|Defining a Correctional Nurse
|By Anna Moak
Nursing is a tough job in prison. In the following column, SCDC’s Regional Director of Clinical Services Anna Moak describes challenges associated with the job, what it takes to be good, and applauds those doing it everyday.
Correctional nursing is not an easy task.
Correctional nurses are one part security; one part ER nurse; one part primary care nurse; and, if working in an infirmary, one part critical care nurse.
Their patients are not defined by one disease process. On many prison yards, nurses must treat patients who are diabetic, hypertensive or Hepatitis positive. Or maybe all three. They treat stab wounds, cardiac arrest, and any other number of emergency events. Nurses within the S.C. Department of Corrections have to be able to change modes and change modes fast.
On top of that, many of the nurses employed at SCDC also retain part time jobs across multiple specialties.
Nurses in our system arrived here from many different backgrounds.
Amy Spencer at Tyger River Correctional Institution previously worked in a hospital emergency room. Michael Fletcher at Kirkland’s infirmary was trained in critical care. Yvonne McDonald at Lee Correctional previously specialized in neurology.
There are nurses trained in OB-GYN, including Donna Gibson from Camille Griffin Graham Correctional Institution. Nurses like Tina Huggins at Turbeville are trained in grant writing. Mary Frazier, who also works at Lee, trained in oncology before coming to Corrections.
“Correctional nurses walk a fine line between maintaining security and delivering optimal medical care.”
These nurses often work long hours. And with such a diverse set of ailments to treat, the work is complex. Nurses at SCDC have to be strong, critical thinkers. Linda Wooten and her staff at Kirkland’s specialty clinic are an example. The clinic is a unique setting, where physicians with specific medical qualifications treat inmates from prisons across the system. This setup has created a major cost savings to SCDC. An example: the orthopedic specialist at Kirkland saw 850 inmates last year. If those inmates had been treated at outside appointments that required security escorts, it would have taken 1,600 correctional officer hours to make it happen. That’s not necessary because of Ms. Wooten and her staff.
Correctional nurses walk a fine line between maintaining security and delivering optimal medical care.

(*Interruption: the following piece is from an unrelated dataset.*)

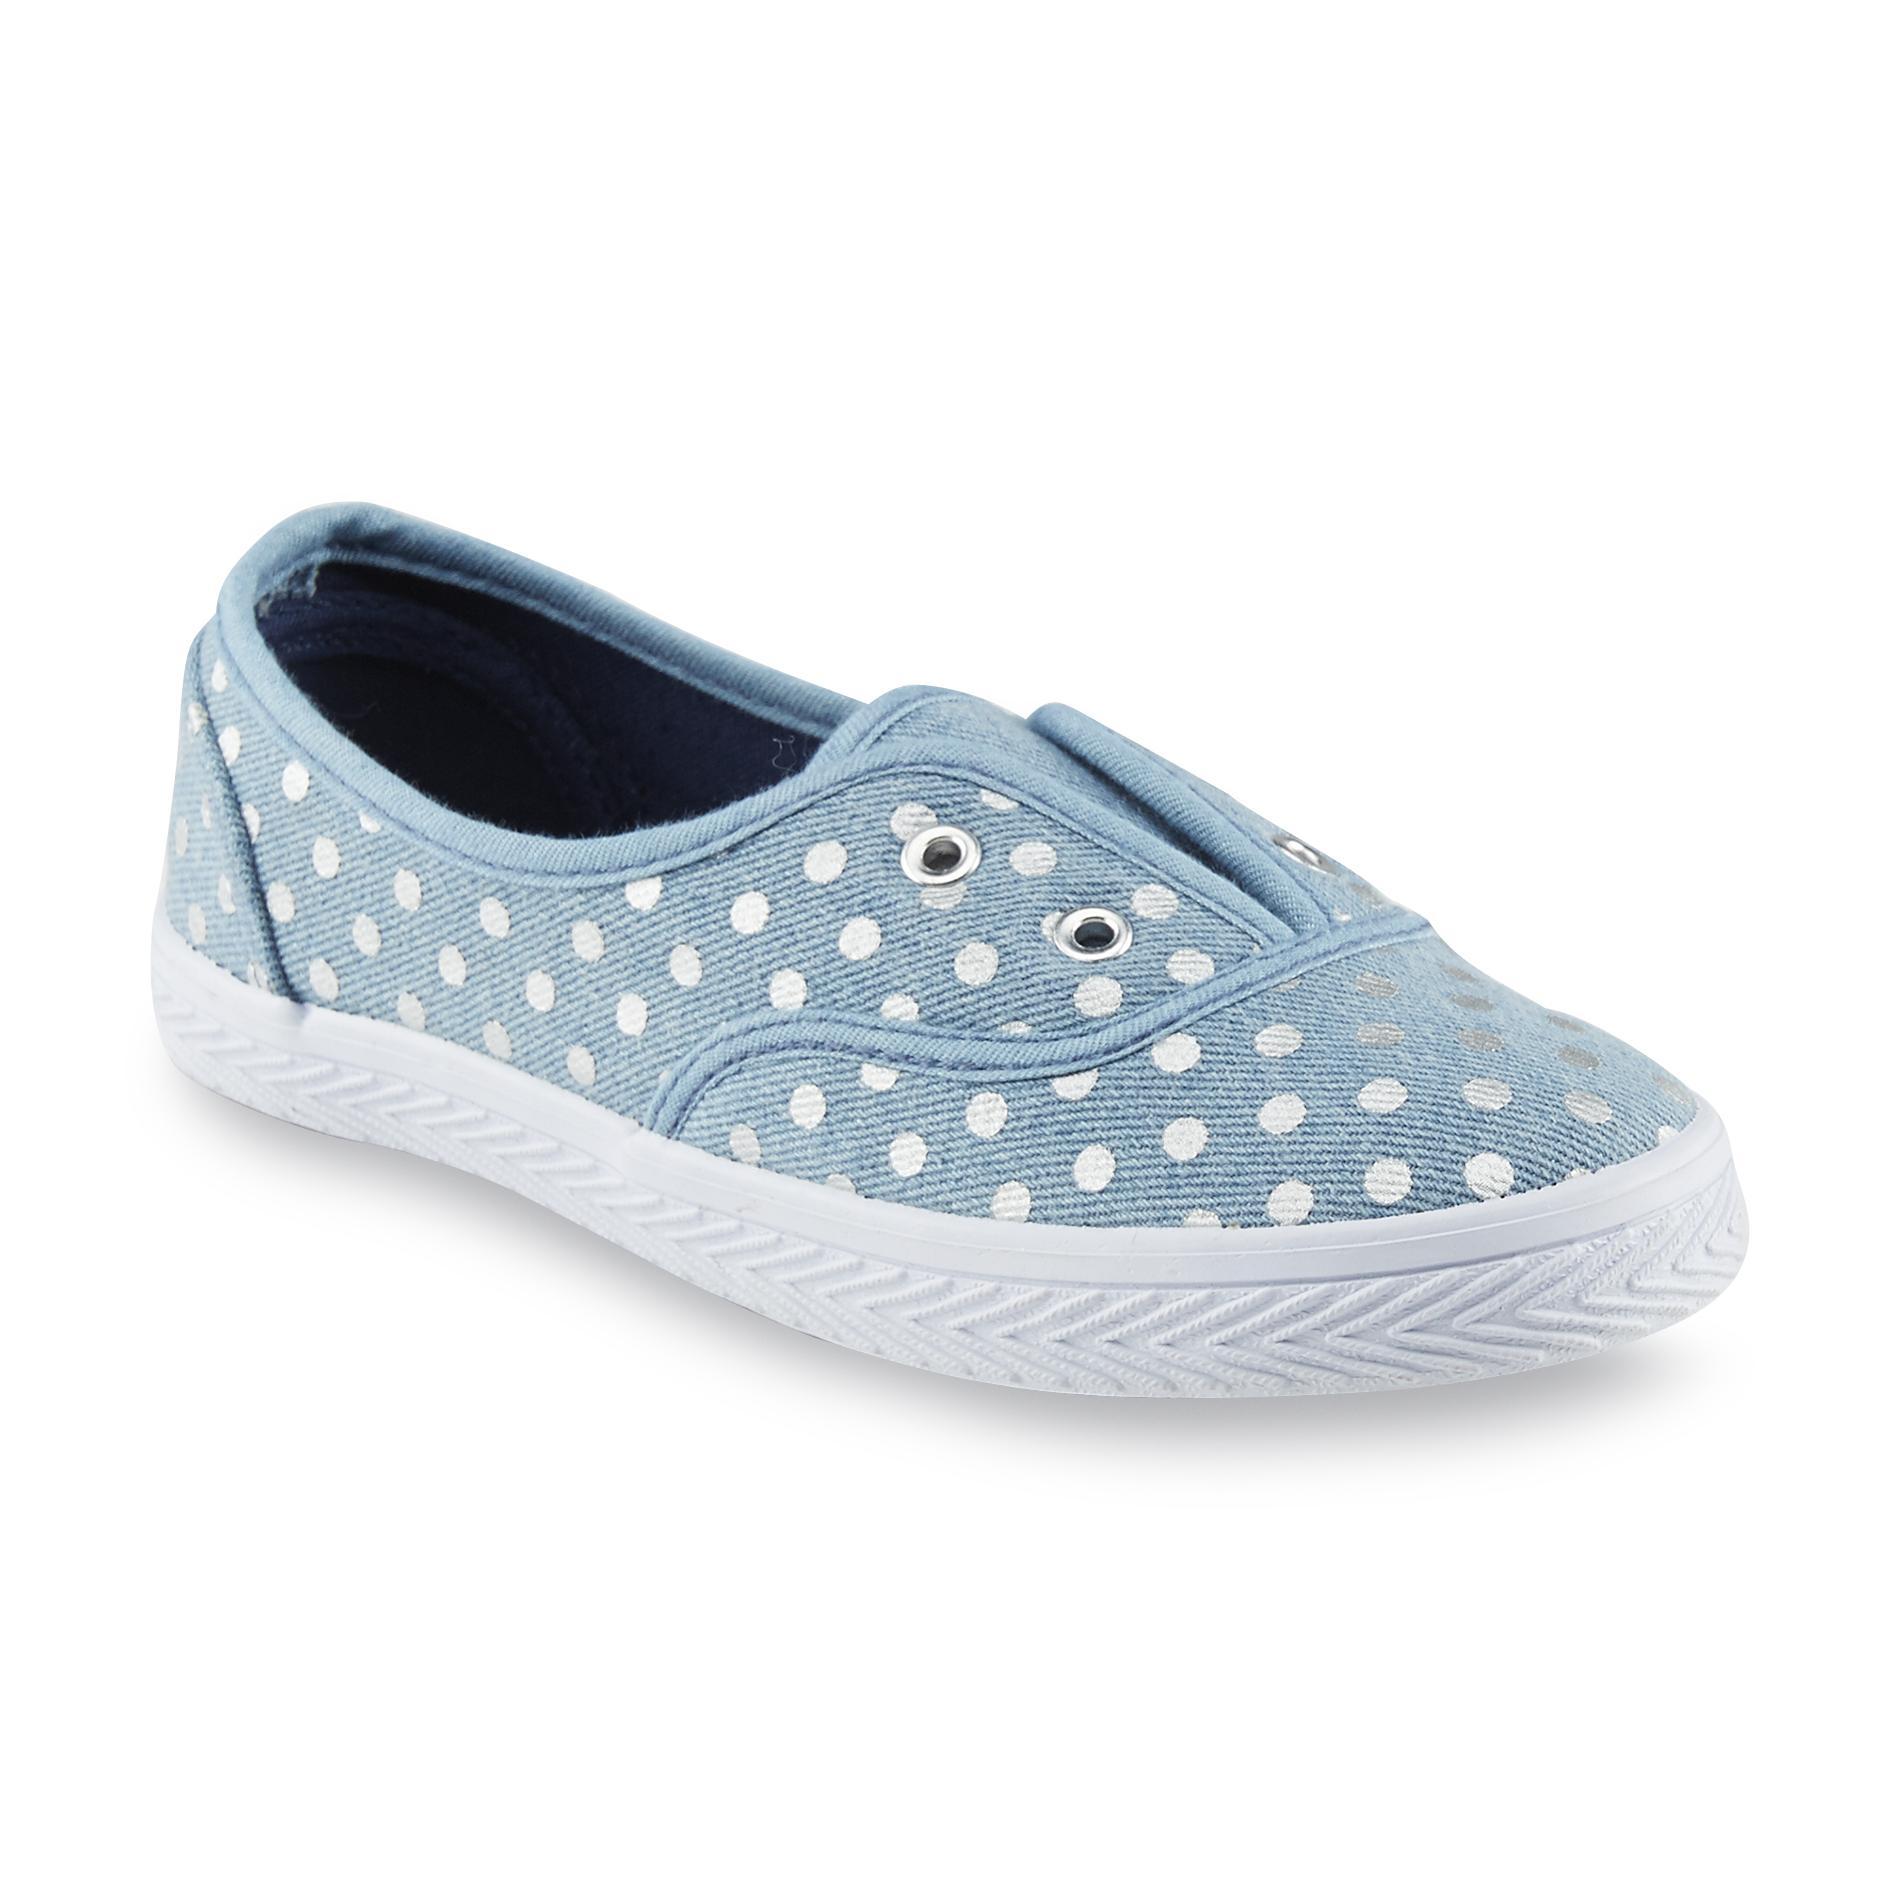 Canyon River Blues Girl's Avery Blue/Polka Dot Slip-On Shoe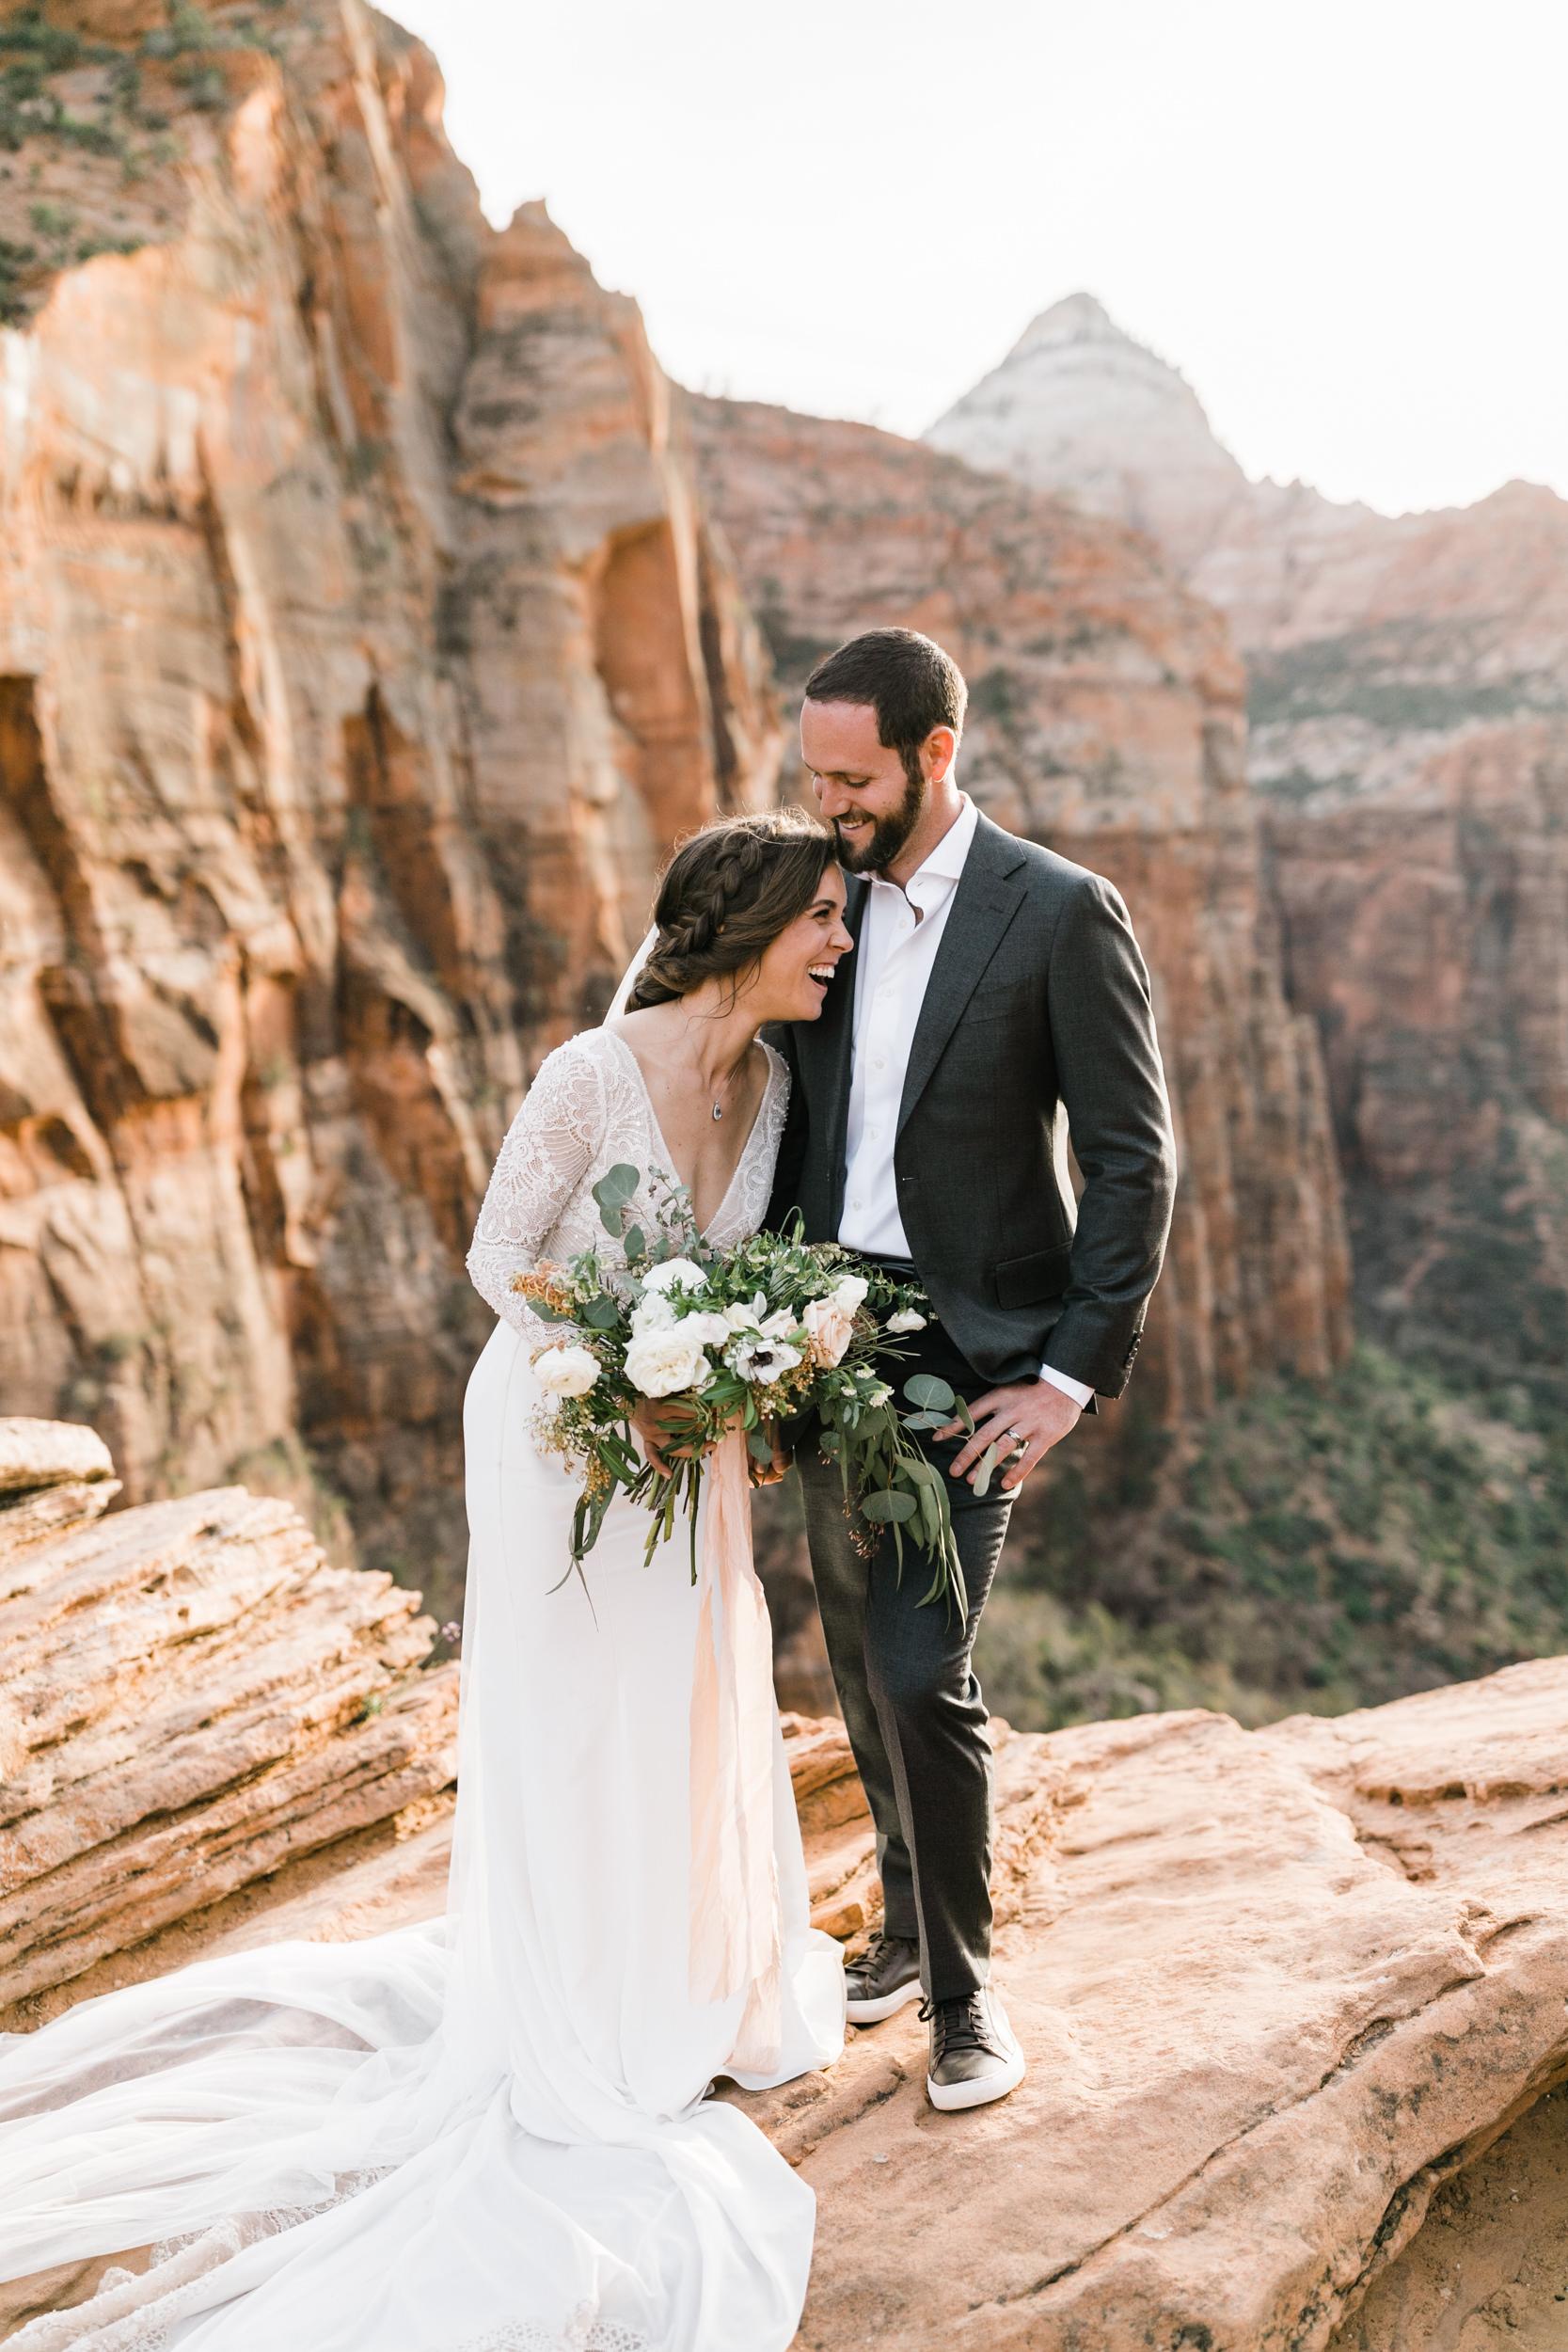 Zion-National-Park-Adventure-Wedding-Hearnes-Elopement-Photography-42.jpg

They are very seldom acknowledged for the job they do. They do what is expected and ask for little in return. Take Karen McCullough for example. An RN at Kirkland’s infirmary, she has excellent assessment skills and goes the extra mile by always giving the on-call physician an excellent description of her patients’ status. This allows the physician to make an informed decision on what care to administer and ensures the patient gets the best possible outcome.
"At Kirkland Correctional; last year alone, 850 inmates were seen by an orthopedic specialist, preventing the need to transport inmates to outside doctors’ offices for the same care."
Correctional nurses stay sharp. They train on their own time to stay abreast of the latest information. Yvonne Munroe and Ingrid Williams, both LPNs, attended outside sessions to stay educated on issues dealing with HIV/AIDS, for example.
In the end, defining the correctional nurse simply is not an easy task. Their job description can’t be made to fit neatly in a tidily defined box. They might administer care to a particular inmate with a particular disease on one day, only to treat multiple diseases and multiple inmates the next.
They have to have strong assessment skills and be fearless in their approach. A patient is depending on them.
Thankfully, correctional nurses are up to the task.
So, this is a tribute to what it takes to be a correctional nurse and the brave individuals who strive daily to ensure they deliver optimal patient care.
Thank you for your loyalty and dedication, your work ethic and endurance. It never truly goes unnoticed, though sometimes unmentioned.